DATA EXTRACT
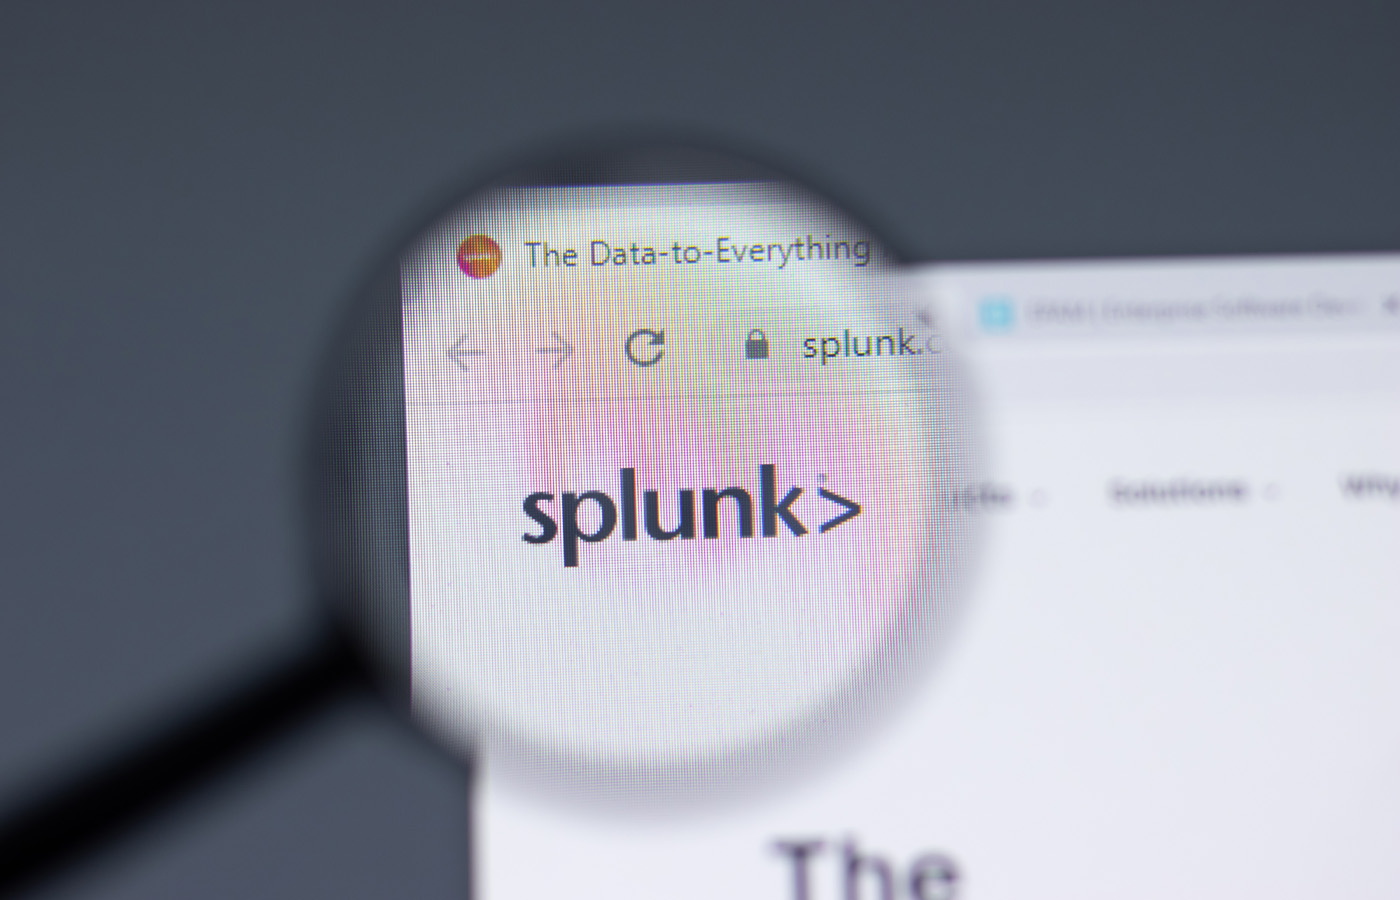 Cisco to Acquire Splunk for $28 Billion, Accelerating AI-Enabled Security and Observability – Source: www.techrepublic.com
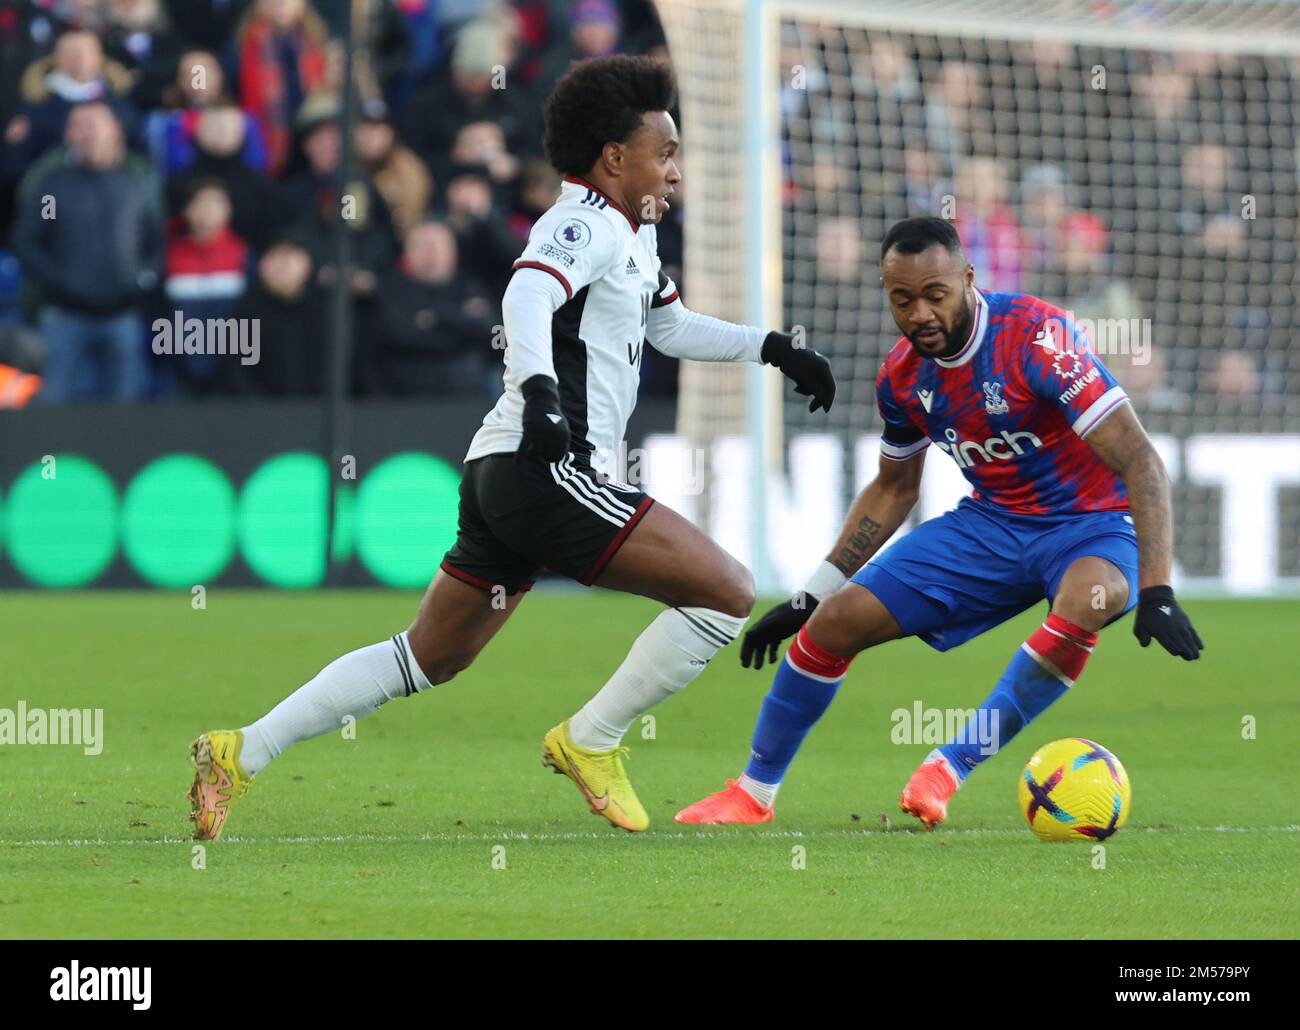 London ENGLAND - December 26: Fulham's Willian Borges Da Silva during English Premier League soccer match between Crystal Palace against Fulham at Sel Stock Photo
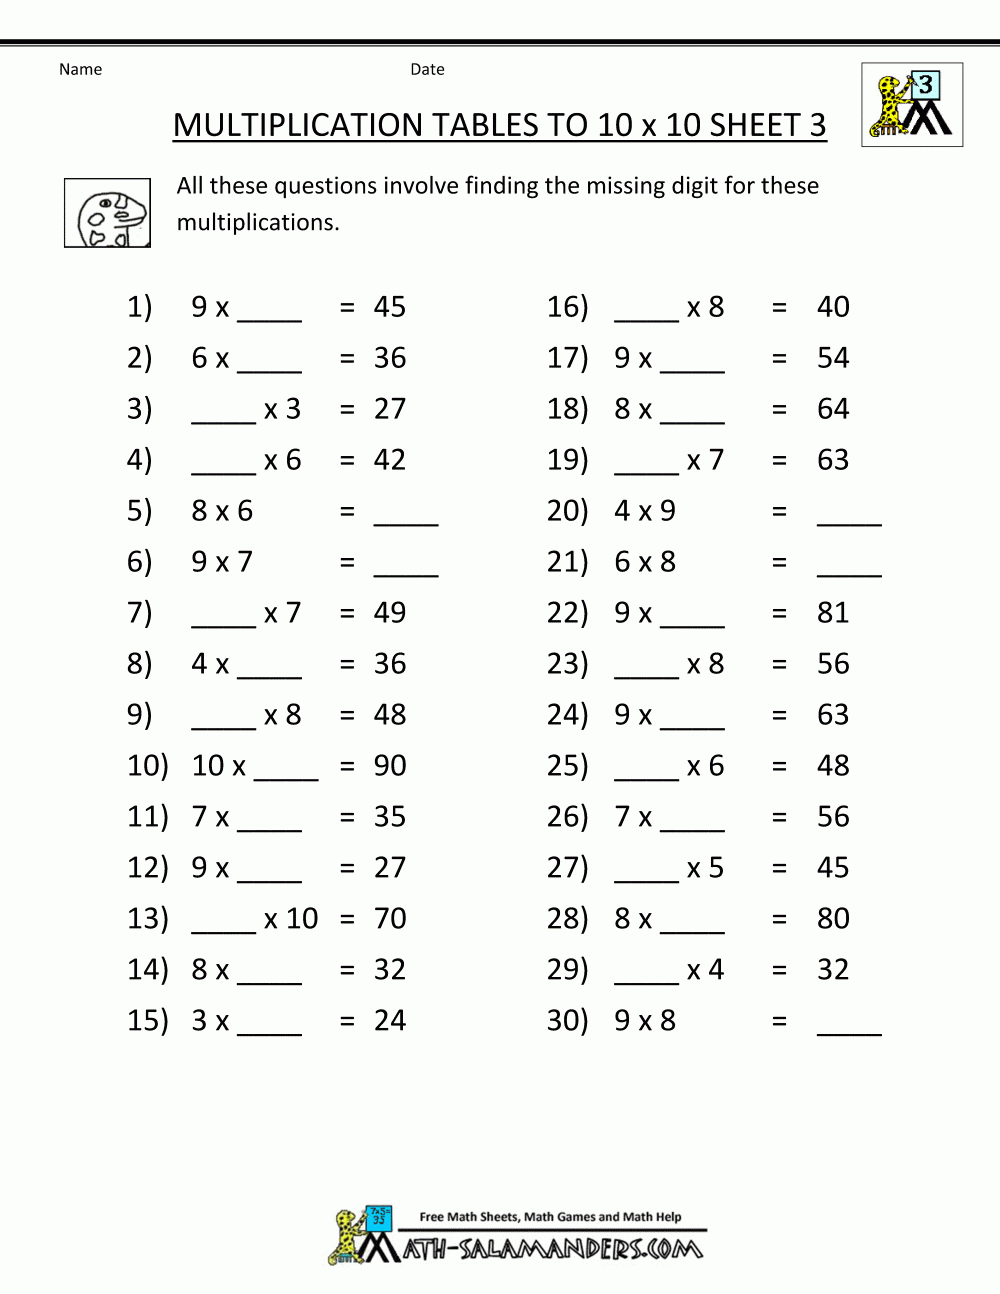 Multiplication Table Worksheets To 10X10 3 | Mental Maths

REQUIRED WORK
From the first line to the last, retype the material exactly and exclude the pictures.

SOLVED PROBLEM
 Cisco to Acquire Splunk for $28 Billion, Accelerating AI-Enabled Security and Observability – Source: www.techrepublic.com
 London ENGLAND - December 26: Fulham's Willian Borges Da Silva during English Premier League soccer match between Crystal Palace against Fulham at Sel Stock Photo
 Multiplication Table Worksheets To 10X10 3 | Mental Maths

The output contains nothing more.